EXERCISE DESCRIPTION — Reproduce only the lines below from the line containing "Ein schöner, seltener" to the line containing "Das Stück ist", exactly as written, with both end lines kept. Omit the pictures.

GIVEN RECORDS —
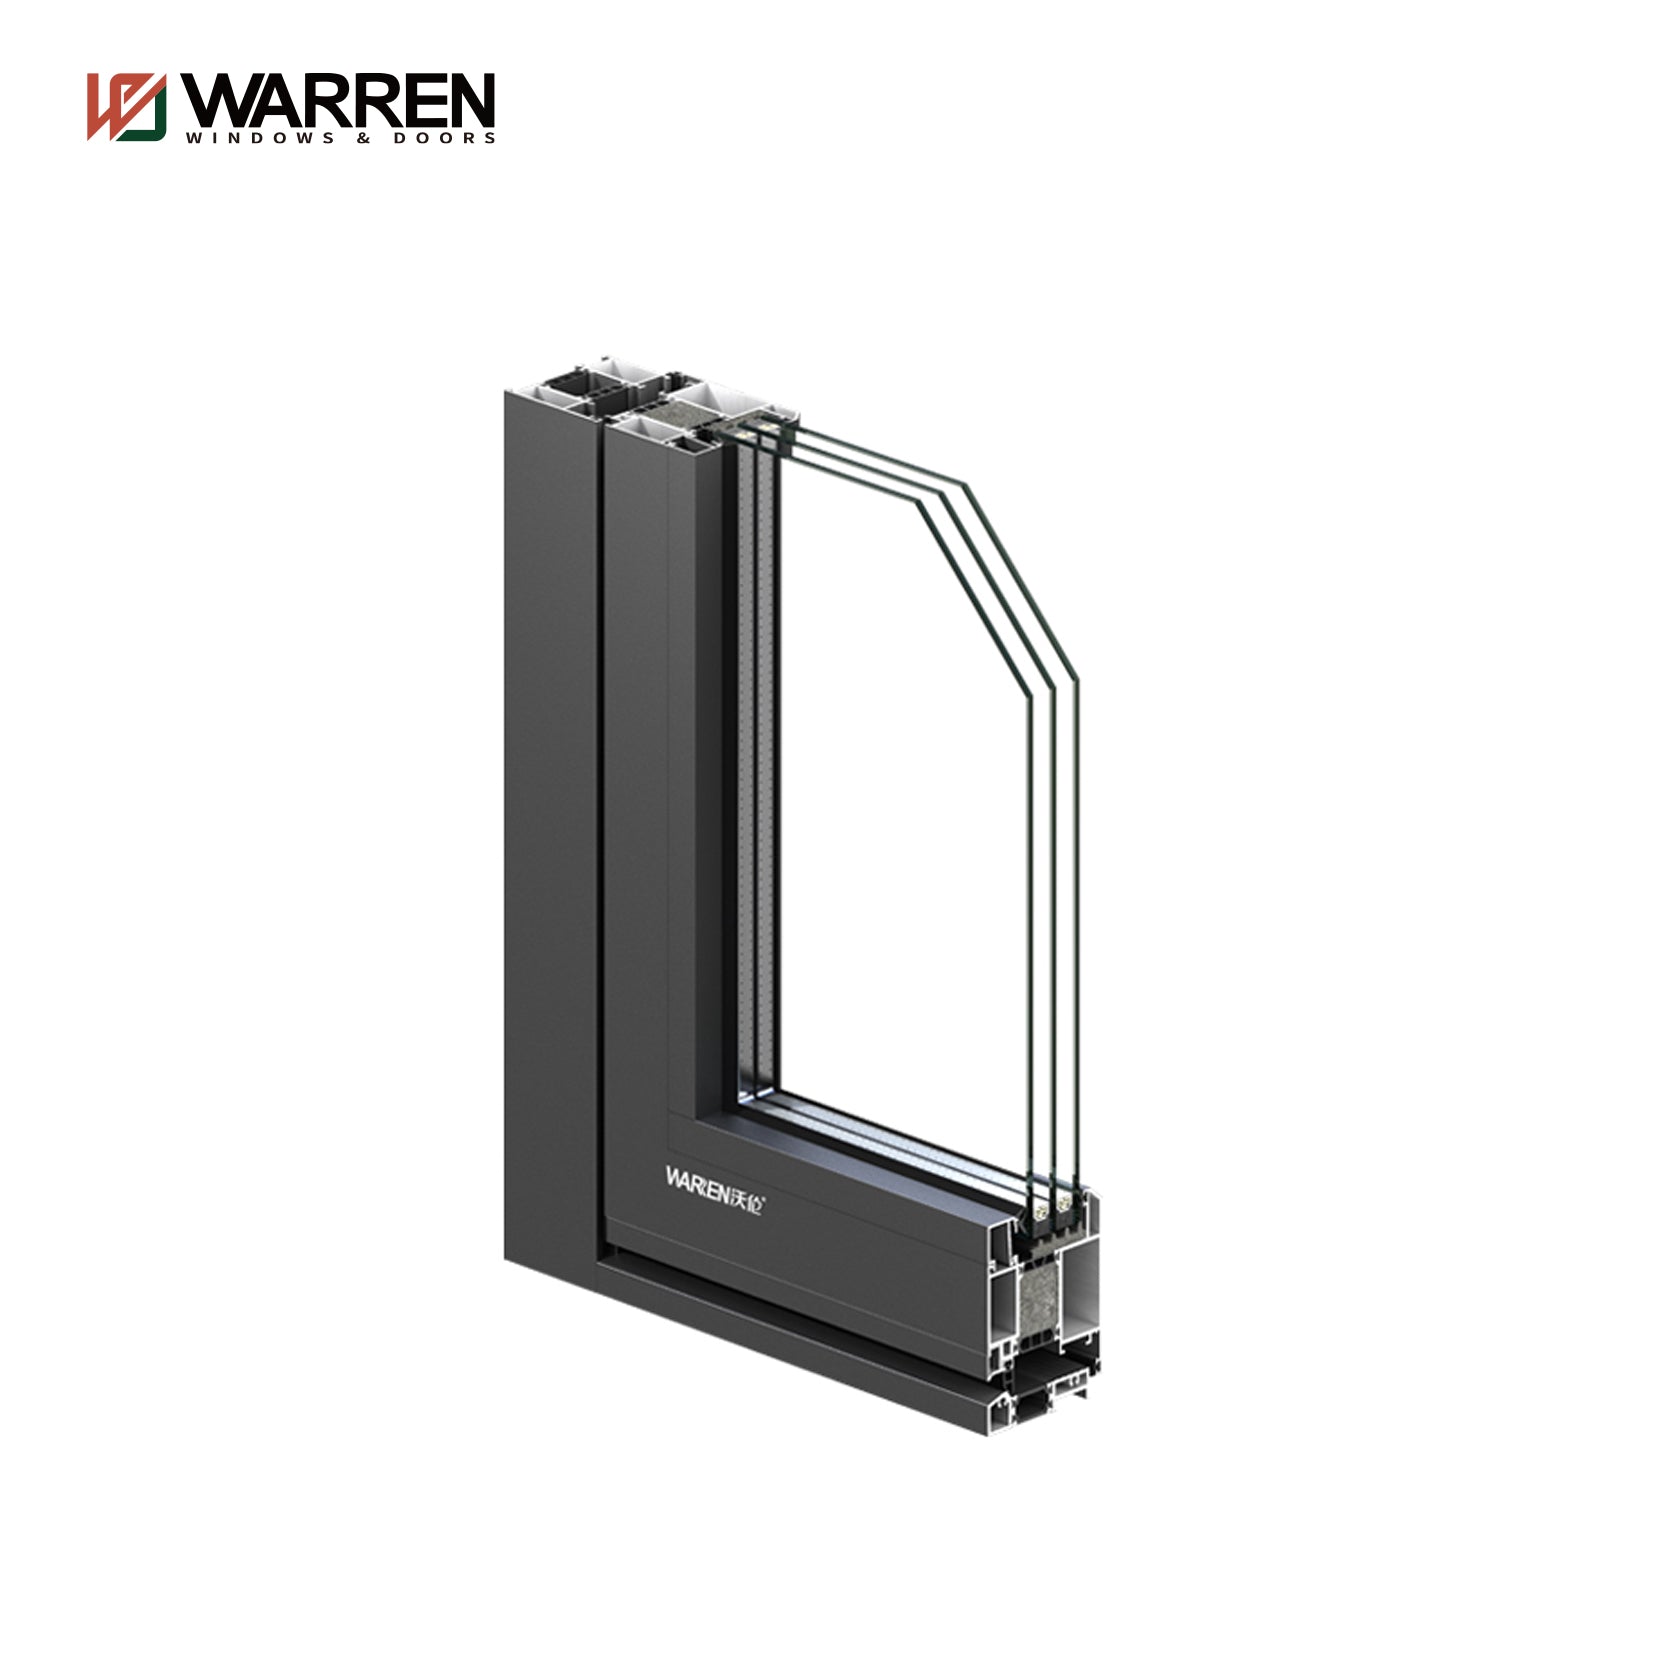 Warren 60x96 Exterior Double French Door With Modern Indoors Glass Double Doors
* * *
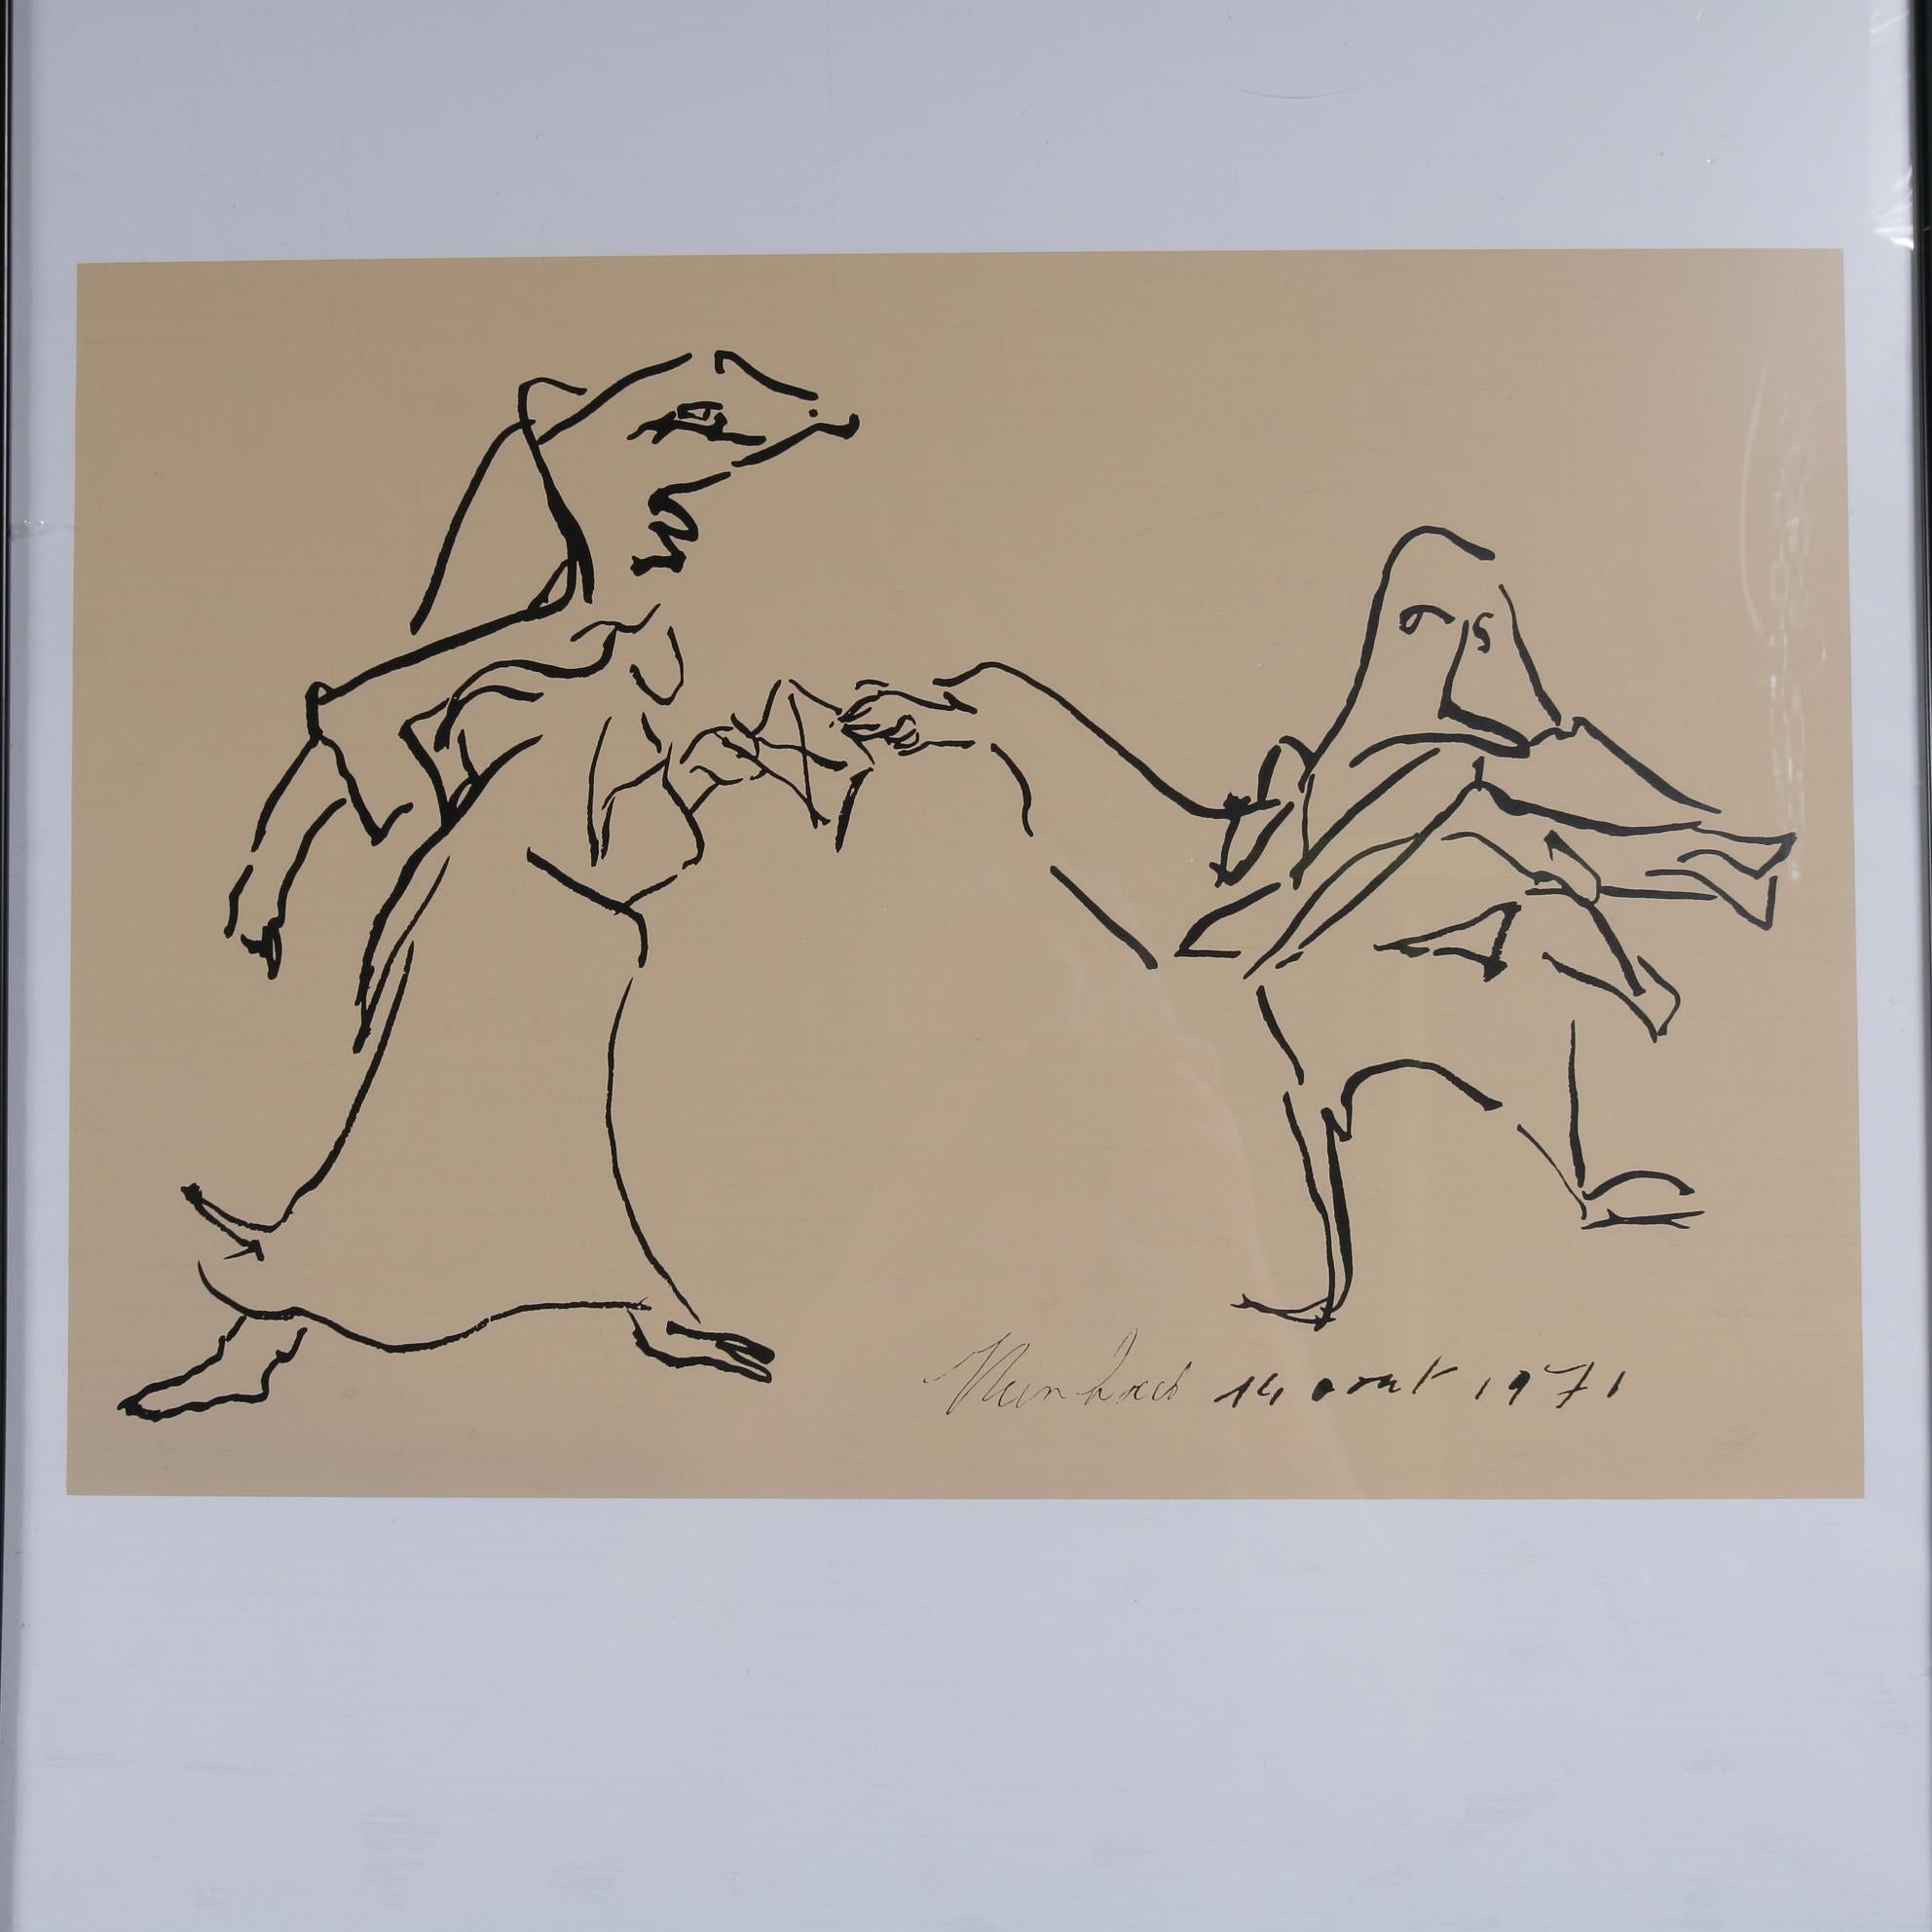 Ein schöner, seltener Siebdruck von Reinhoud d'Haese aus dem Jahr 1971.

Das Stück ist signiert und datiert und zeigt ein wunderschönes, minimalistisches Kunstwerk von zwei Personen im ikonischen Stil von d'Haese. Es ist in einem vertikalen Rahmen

RESULT OF THIS EXERCISE —
 Ein schöner, seltener Siebdruck von Reinhoud d'Haese aus dem Jahr 1971.

Das Stück ist signiert und datiert und zeigt ein wunderschönes, minimalistisches Kunstwerk von zwei Personen im ikonischen Stil von d'Haese. Es ist in einem vertikalen Rahmen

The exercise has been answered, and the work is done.